The Enzymatic and Non-enzymatic Roles of Protein-disulfide Isomerase in Apolipoprotein B Secretion

• Published in: The Journal of biological chemistry Vol. 272; no. 44; pp. 27644 - 27651
• Main Authors: Wang, Lin, Fast, Darren G., Attie, Alan D.
• Format: Journal Article
• Language: English
• Published: United States Elsevier Inc 31.10.1997; American Society for Biochemistry and Molecular Biology
• Subjects: ACIDE OLEIQUE; ACIDO OLEICO; ACTIVIDAD ENZIMATICA; ACTIVITE ENZYMATIQUE; Animals; Apolipoproteins B - metabolism; APOPROTEINAS; APOPROTEINE; APOPROTEINS; Baculoviridae - genetics; BINDING PROTEINS; Binding Sites; Carrier Proteins - metabolism; CELL CULTURE; Cell Line; CELL LINES; CISTEINA; CONTENIDO PROTEICO; CULTIVO DE CELULAS; CULTURE DE CELLULE; CYSTEINE; ENZYMIC ACTIVITY; GENERO HUMANO; GENRE HUMAIN; Humans; INHIBIDORES DE PROTEINASAS; INHIBITEUR DE PROTEINASES; ISOMERASAS; ISOMERASE; ISOMERASES; MANKIND; MICROSOMAL TRIGLYCERIDE TRANSFER PROTEIN; MUTACION; Mutagenesis; MUTANT; MUTANTES; MUTANTS; MUTATION; OLEIC ACID; Protease Inhibitors - pharmacology; PROTEIN CONTENT; Protein Disulfide-Isomerases - genetics; Protein Disulfide-Isomerases - metabolism; PROTEINAS; PROTEINAS AGLUTINANTES; PROTEINASE INHIBITORS; PROTEINE; PROTEINE DE LIAISON; PROTEINS; Recombinant Proteins - metabolism; SECRECION; SECRETION; Spodoptera; SPODOPTERA FRUGIPERDA; TARGETED MUTAGENESIS; TENEUR EN PROTEINES; Triglycerides - metabolism
• ISSN: 0021-9258; 1083-351X
• DOI: 10.1074/jbc.272.44.27644

Secretion of apolipoprotein B (apoB) from mammalian cells requires the presence of functional microsomal triglyceride transfer protein (MTP).
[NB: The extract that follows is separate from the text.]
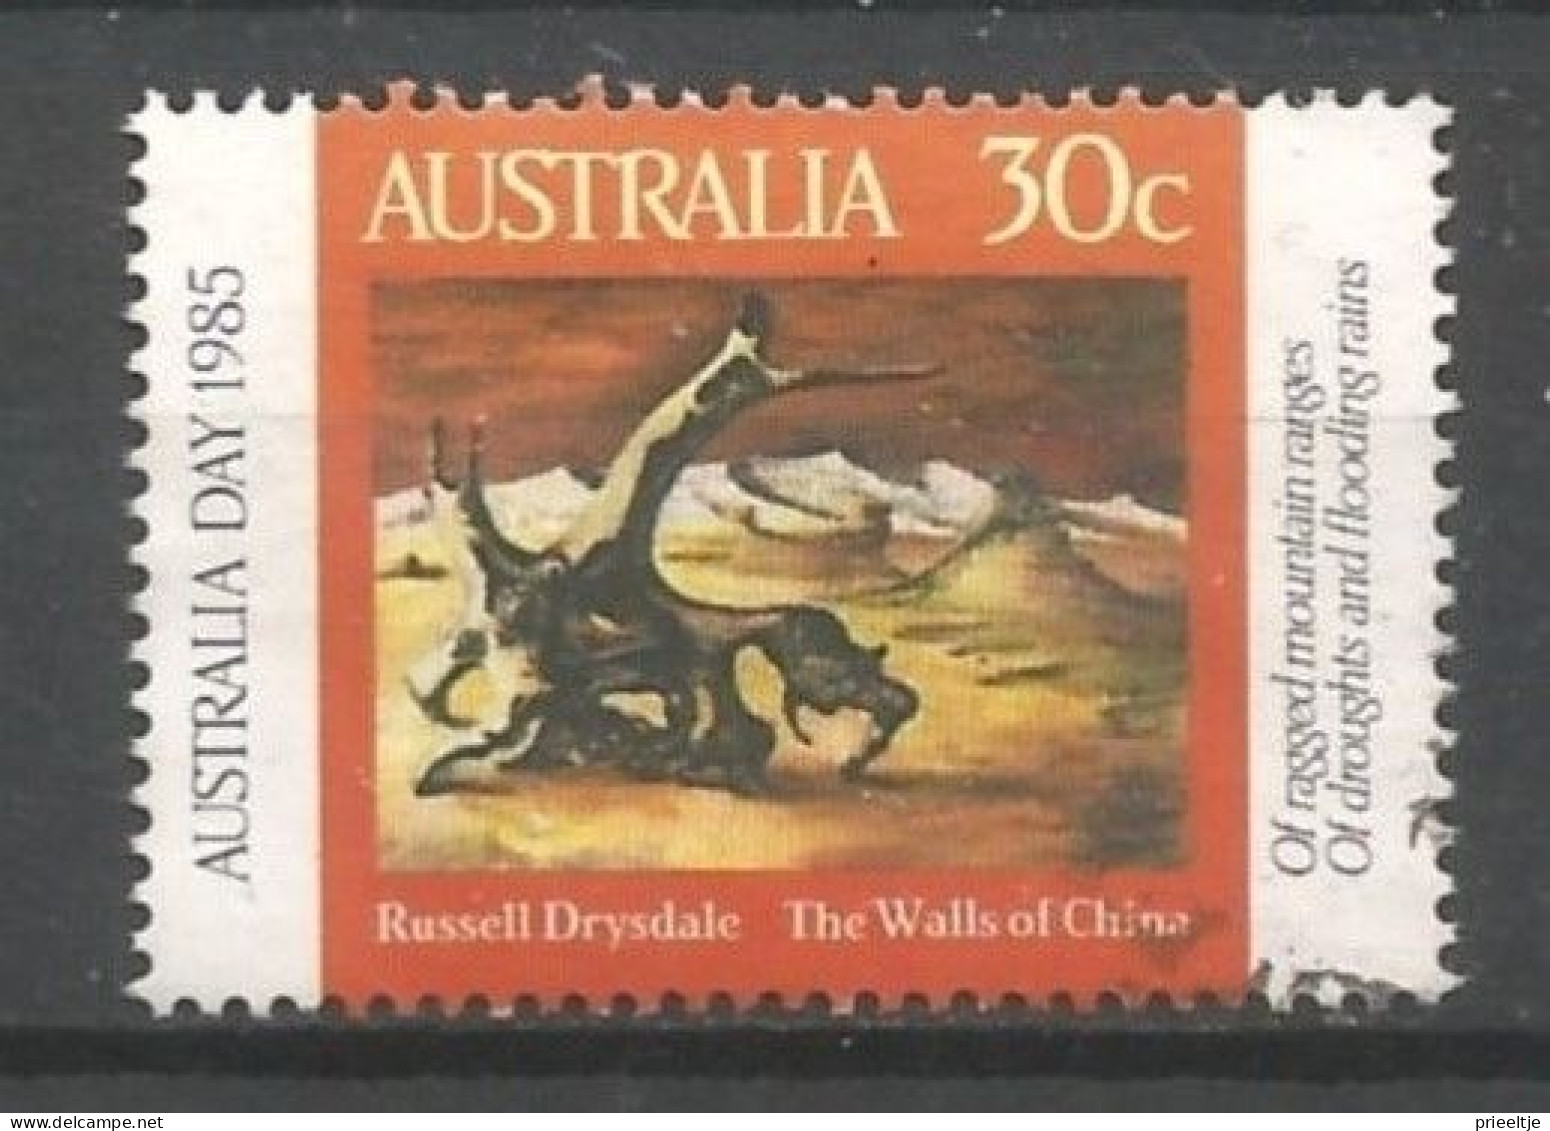 Australia 1985 Australia Day Y.T. 891 (0) - Used Stamps
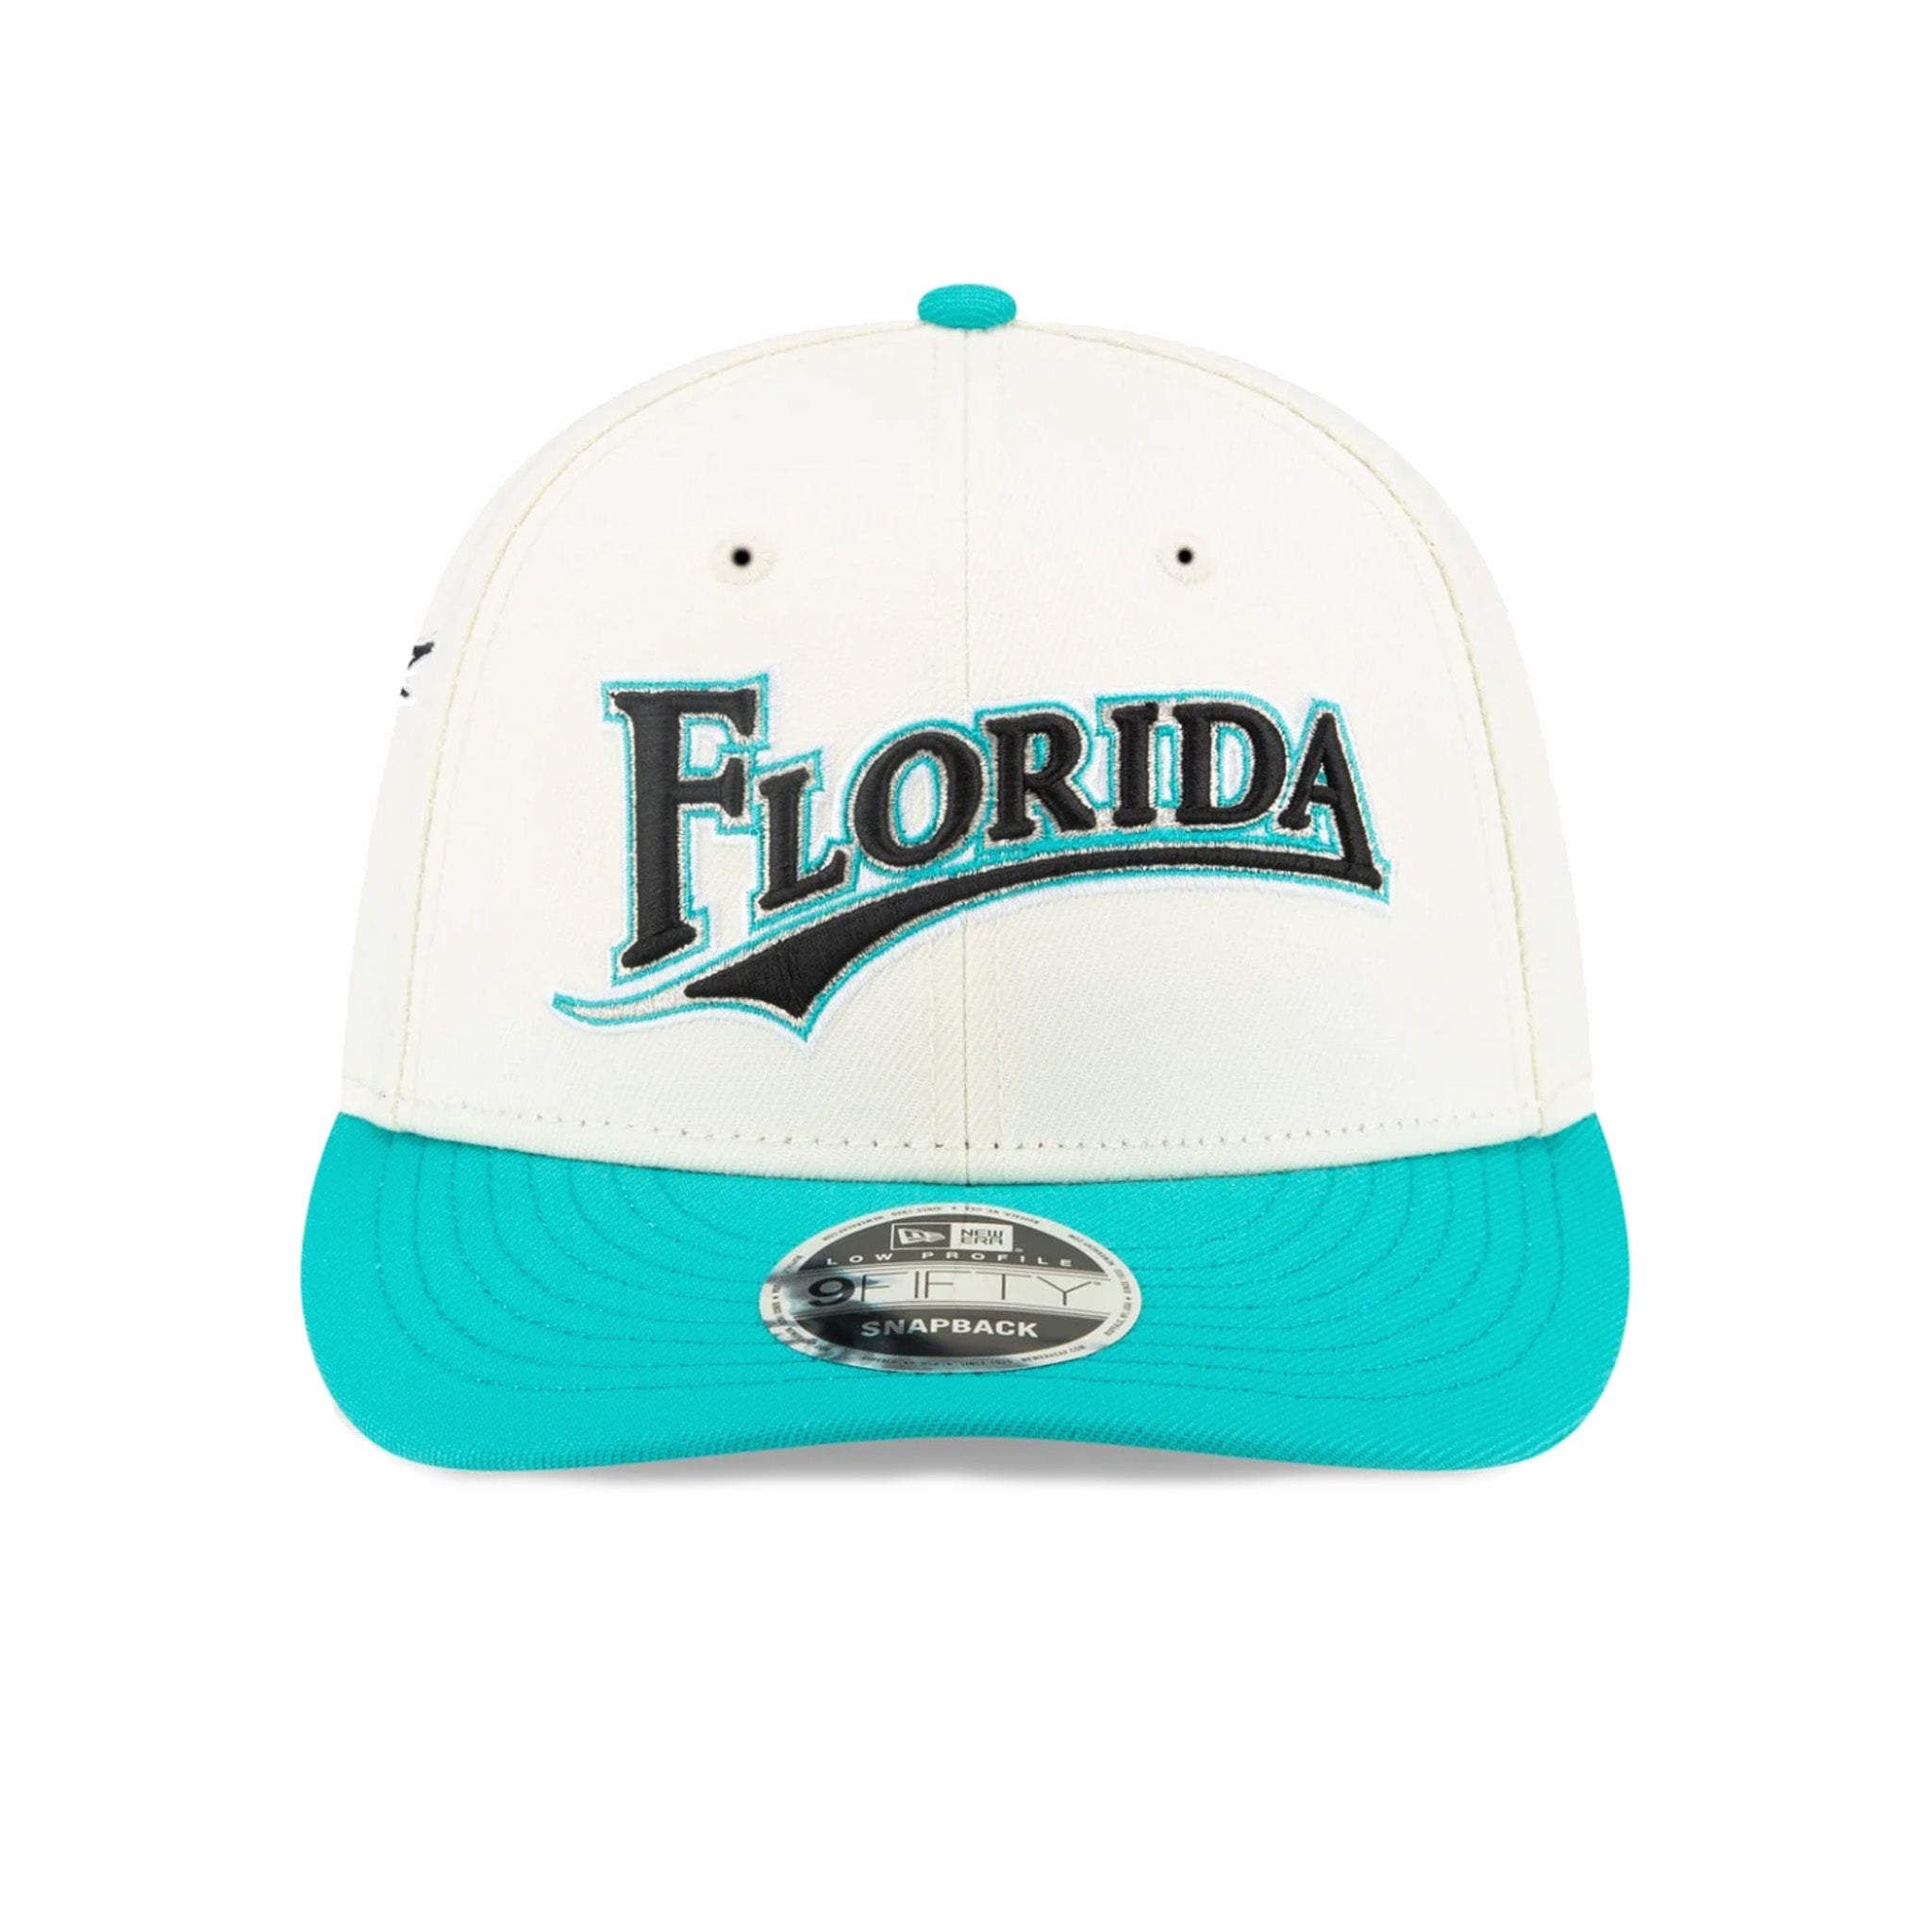 New Era x FELT Florida Marlins Low Profile 9FIFTY Snapback (White) - August Shop

We previously reported that co-expressing the human intestinal form of apoB, B48, with both subunits of human MTP in oleate-treated Sf21 cells led to a dramatic induction of B48 secretion. Deletion mutagenesis studies showed that the cysteine-enriched amino terminus of apoB was necessary for the MTP responsiveness (Gretch, D. G., Sturley, S. L., Wang, L., Dunning, A., Grunwald, K. A. A., Wetterau, J. R., Yao, Z., Talmud, P., and Attie, A. D. (1996) J. Biol. Chem. 271, 8682–8691). We therefore hypothesized that the small subunit of MTP, protein-disulfide isomerase (PDI), plays a role in apoB secretion by facilitating correct disulfide bond formation. To determine whether the enzymatic activities of PDI are important for MTP-stimulated apoB secretion, the wild type PDI subunit was replaced with an active site mutant, mPDI (Cys36 → Ser/Cys380 → Ser), lacking both disulfide shuffling and redox activities. MTP containing mPDI was fully functional in promoting apoB and triglyceride secretion. Therefore, the shufflase and redox activities of PDI are not necessary for the function of MTP. Since PDI exists in large molar excess over the other subunit of MTP, the role of free PDI (independent of the MTP complex) was investigated. PDI or mPDI was co-expressed with B48 and B17, a fragment encompassing the amino-terminal 17% of apoB. Mutant PDI significantly and specifically reduced the accumulation of the B17 and B48 both intracellularly and in the culture medium. The reduction was partially eliminated by the protease inhibitorN-acetyl-leucyl-leucyl-norleucinal, consistent with rapid co- or post-translational degradation of apoB in the presence of mPDI. Treating the cells with oleate reversed the effect of mPDI on B48 secretion in a dose-dependent manner, but had no effect on B17. In conclusion: 1) the role of PDI in the MTP complex involves functions other than its known enzymatic activities; 2) one or both of the enzymatic activities of free PDI is/are important for the MTP-independent steps of apoB secretion; 3) oleate can affect apoB secretion at high physiological concentrations and compensate for the insufficiency of PDI activities.